Adamo clicked his tongue impatiently. “But nothing else that I see here will really do…the King’s Inn, you say? My master’s need is urgent; perhaps if I could speak to the young lady…”

“That’s nothing to do with me,” the stable owner shrugged. “The horse is to go to her, she’s paid me fair and square, and if you want the beast you must talk to her. But she seemed quite set on the animal. I doubt that she’ll sell…”

“Are there any other stables nearby?” Adamo asked for form’s sake, and listened with some impatience to the litany of instructions the query brought forth. As soon as he could make his escape, he hurried back the way he had come, peering cautiously into the niche where the two men who had attacked Anghara had pulled her, and into which Adamo had seen their four henchmen follow. It was a gateway, leading into a cobbled courtyard, but both the gateway and the courtyard were empty. Adamo raked the place with his eyes but there was no further sign of them. Sif’s men and their prey must have slipped behind one of the closed doors. Swearing softly, he turned and hastened down the street, toward the harbor and the King’s Inn. What possessed her, he thought violently and irrationally, to choose an inn with such an ill-omened name? And where had she been all this time? It was partly the shock of seeing that familiar face so unexpectedly, when he, one of many, had almost given up hope of ever finding Anghara again, that had paralyzed him for one precious instant, which Sif’s men had seized to good advantage. He should have…He should have…

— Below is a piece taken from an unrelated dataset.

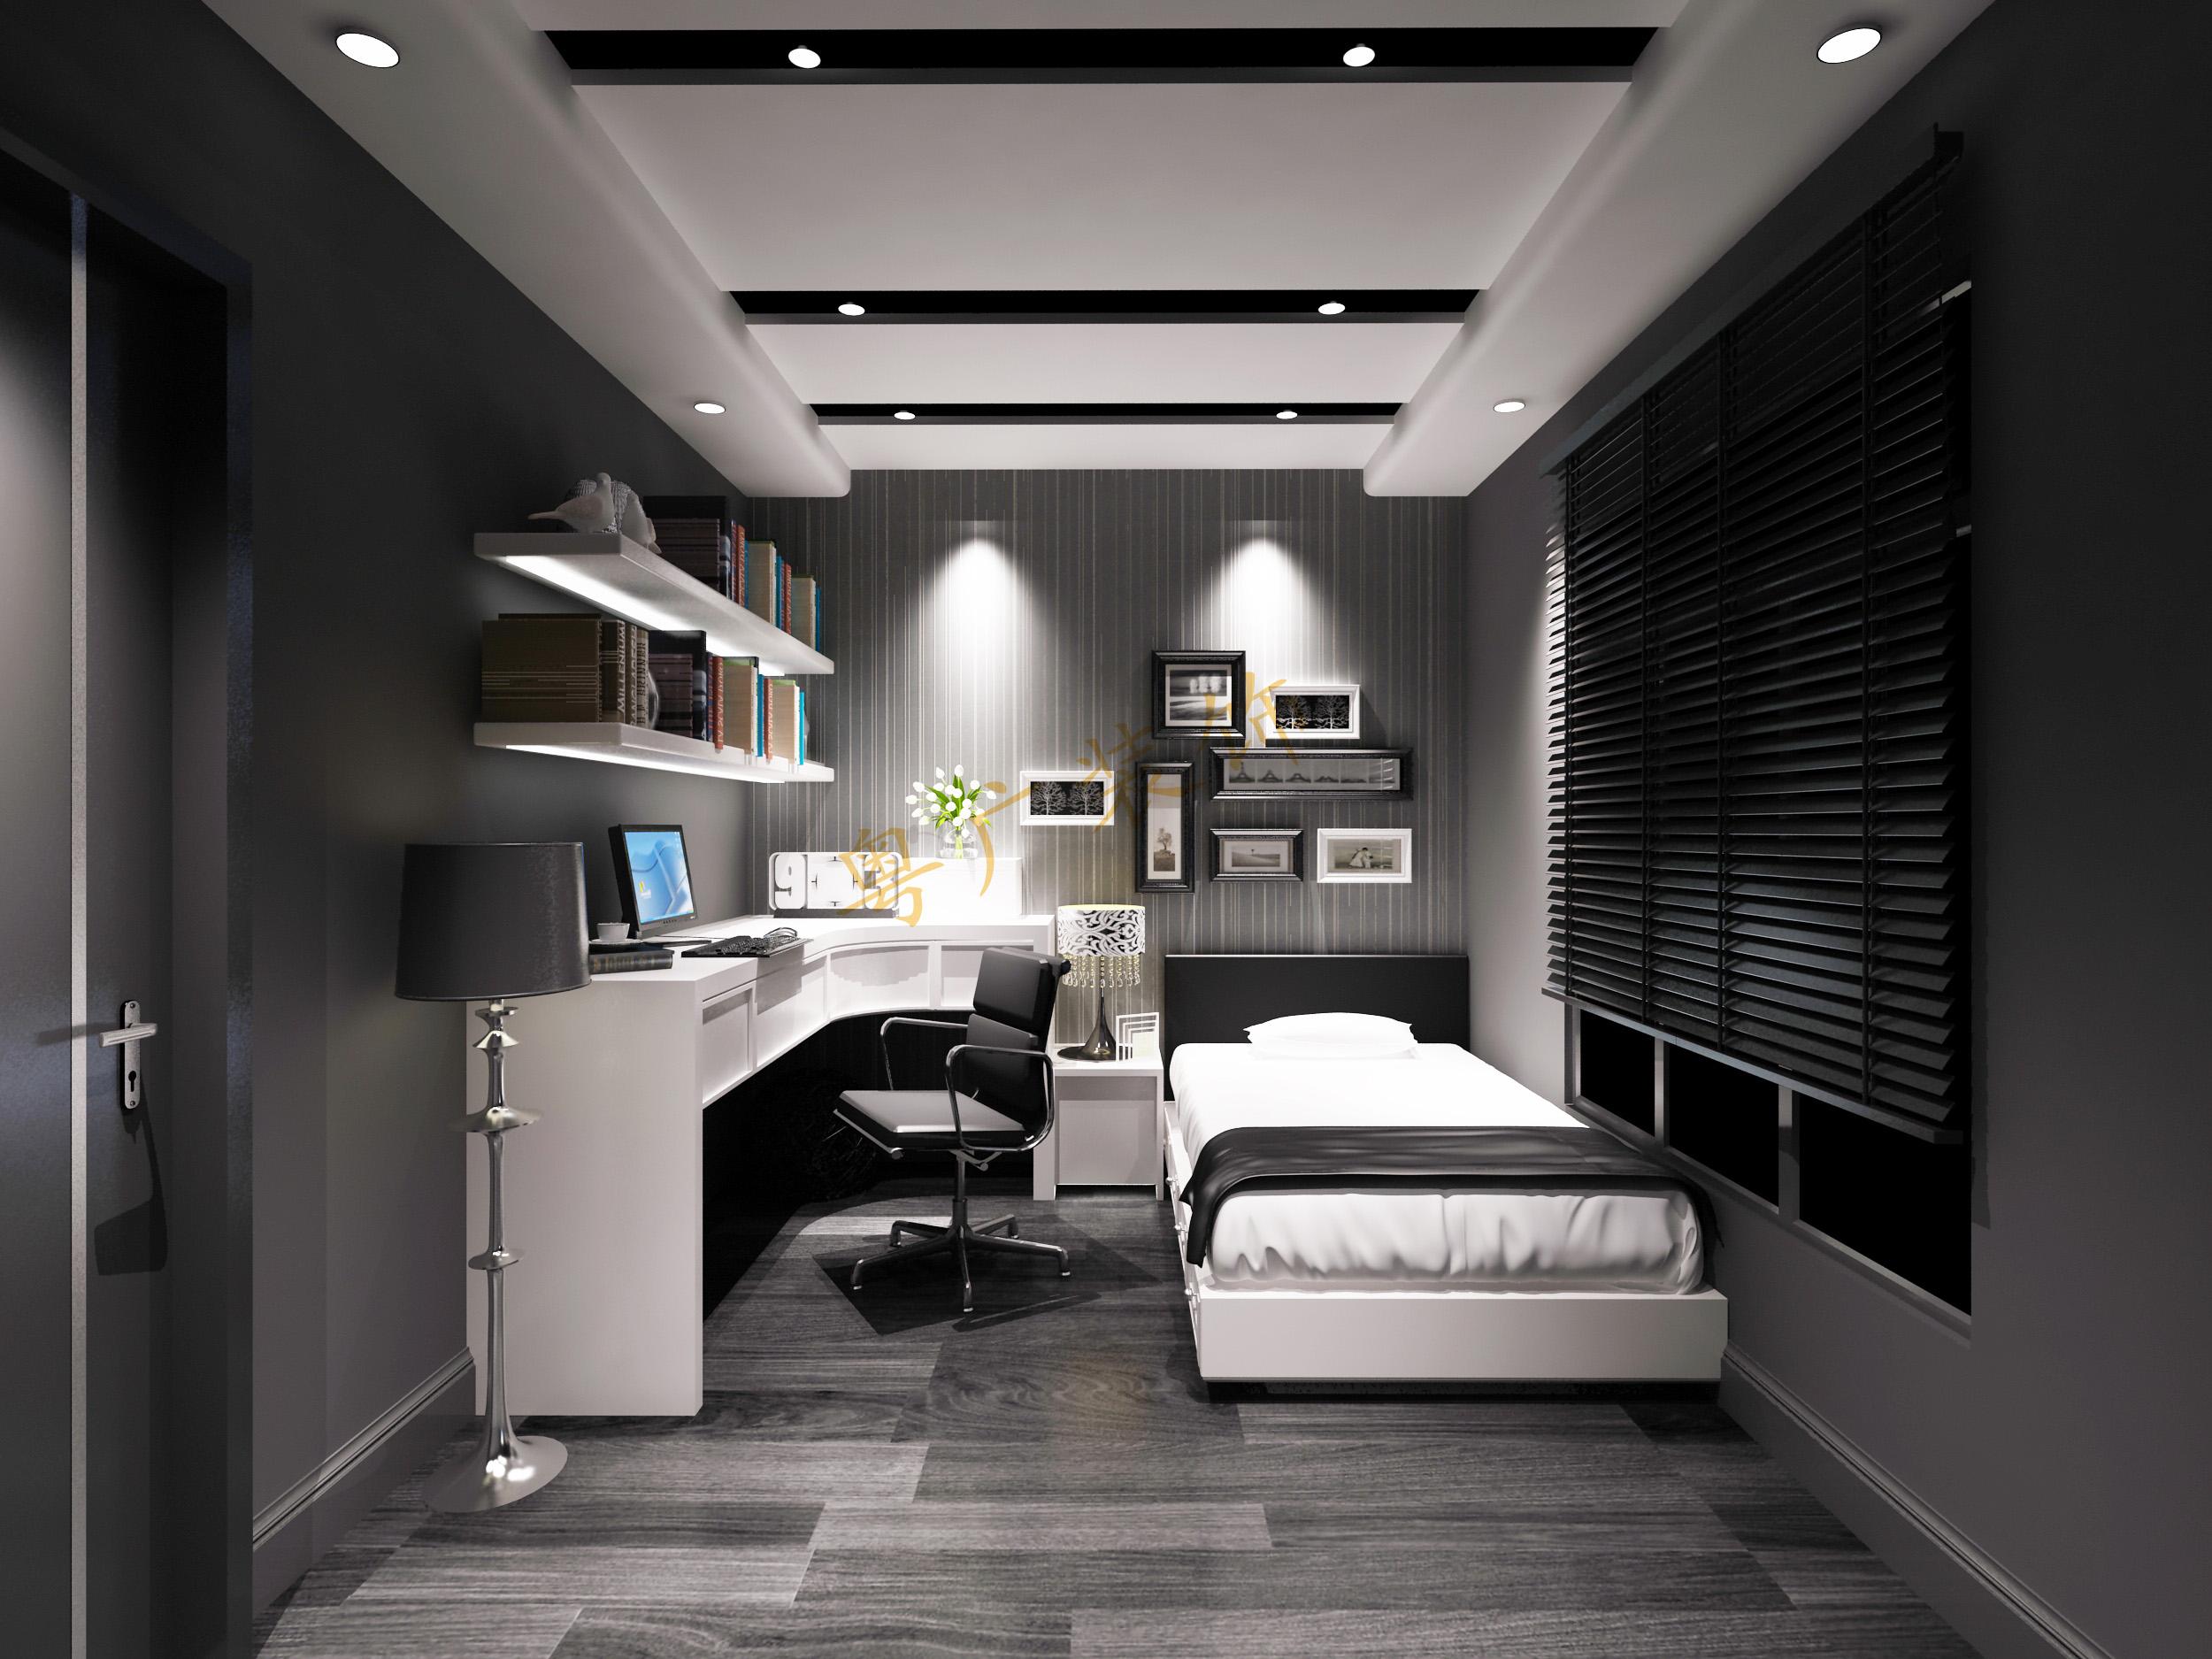 现代风格黑白灰装修效果图
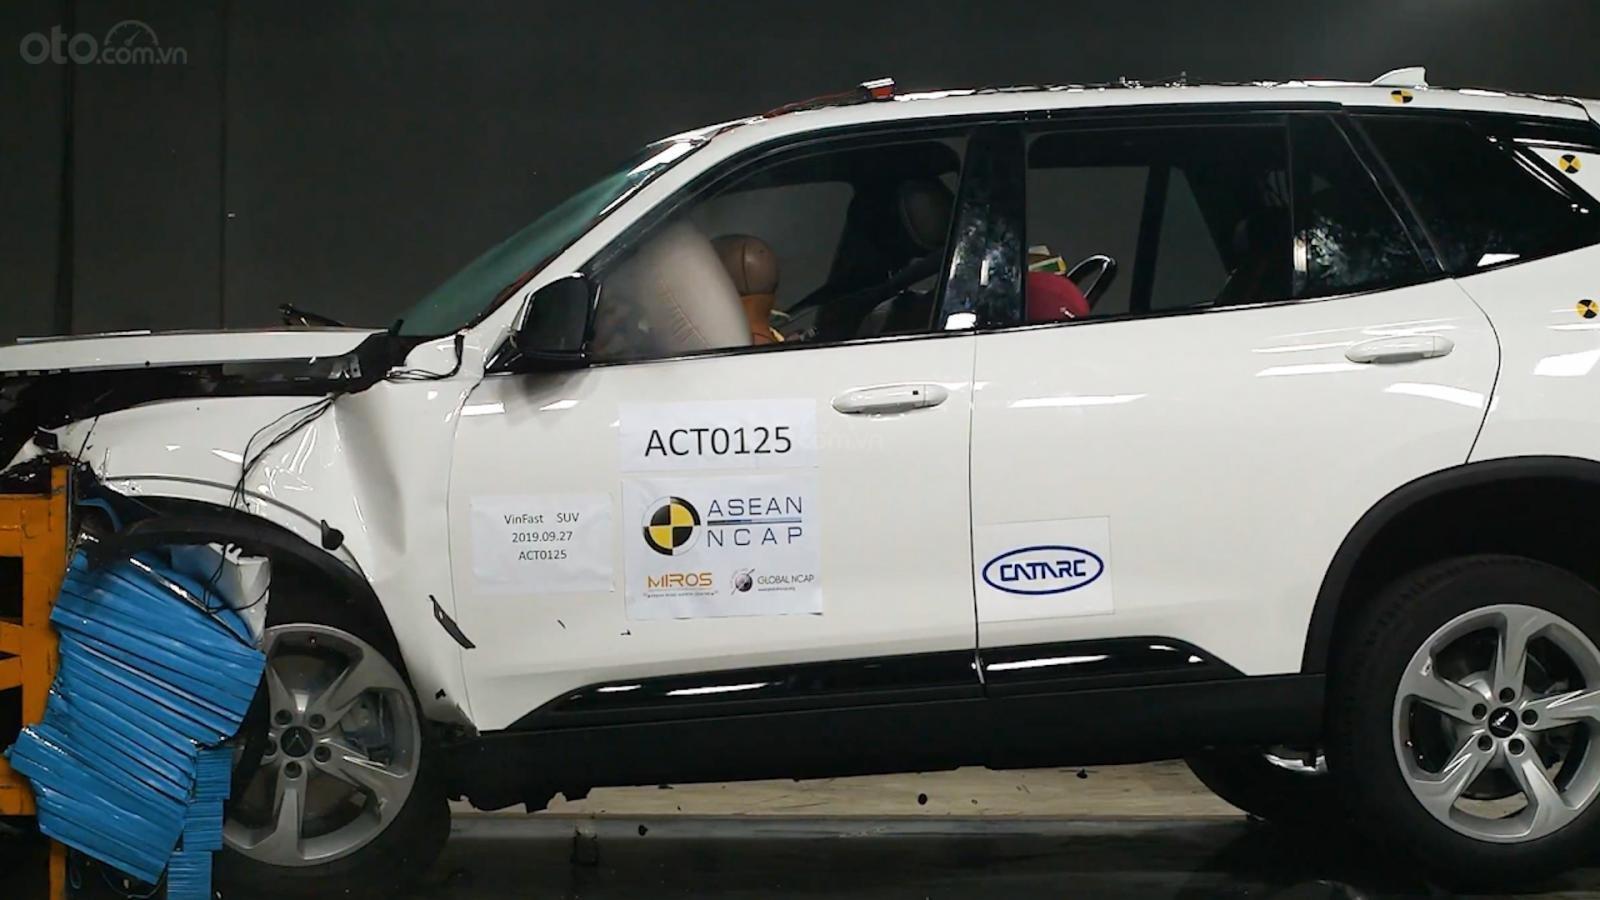 3 mẫu xe của VinFast được thử nghiệm tại trung tâm ASEAN NCAP.

The possibilities of what he should have done buzzed round in his head like angry bees. Even as he was racing to the King’s Inn, he was berating himself for not following the abductors. Perhaps they would stay in the city another day in some lair, and a rescue could have been tried with the handful of Kieran’s men who were in Calabra. But it would be difficult to catch Sif’s soldiers by surprise, and if there had been six on this detail it stood to reason there were more where these had come from, and possibly still more within earshot. And, counting Adamo himself, there were only five all told in his own small group. They had not been sent here as a fighting unit. And Kieran…Kieran would have to be told…

Wishing all the while that Charo, who was much better suited for this kind of intrigue, was in his shoes, Adamo managed to charm the landlord’s wife at the King’s Inn into believing he was her newest lodger’s half-brother, who should have been here to meet her yesterday but was delayed on the road. After one or two lukewarm refusals, she eventually agreed to let him wait for Anghara’s return in her room.

A swift search gave him nothing but more mystery. The package containing Anghara’s Kheldrini regalia baffled him; if the landlady had been one whit less sure of herself, Adamo would have been quite prepared to believe she had let him into the wrong room. Knowing with bitter certainty that Anghara would not be back to claim any belongings she had left behind, Adamo packed the intriguing paraphernalia and, giving the landlady a wide and cautious berth, took his leave.

Only one of his men was at their lodgings. He’d been laying out a solitaire with a battered pack of cards when Adamo arrived, and looked up with an expression of patient boredom at the sound of the opening door. One glimpse of Adamo’s face and that expression fled; the man leapt to his feet with a haste that overturned the small table before him, sending cards flying everywhere. “What in the world has happened?” he demanded. “You look as though you just saw a ghost.”

“I have, and she’s very much alive…and in trouble,” Adamo said, tossing Anghara’s package onto his bed. “Where are the others? We move out today. Kieran spoke about pulling out from the base shortly; if he’s not there he might take some finding, and this can’t wait.”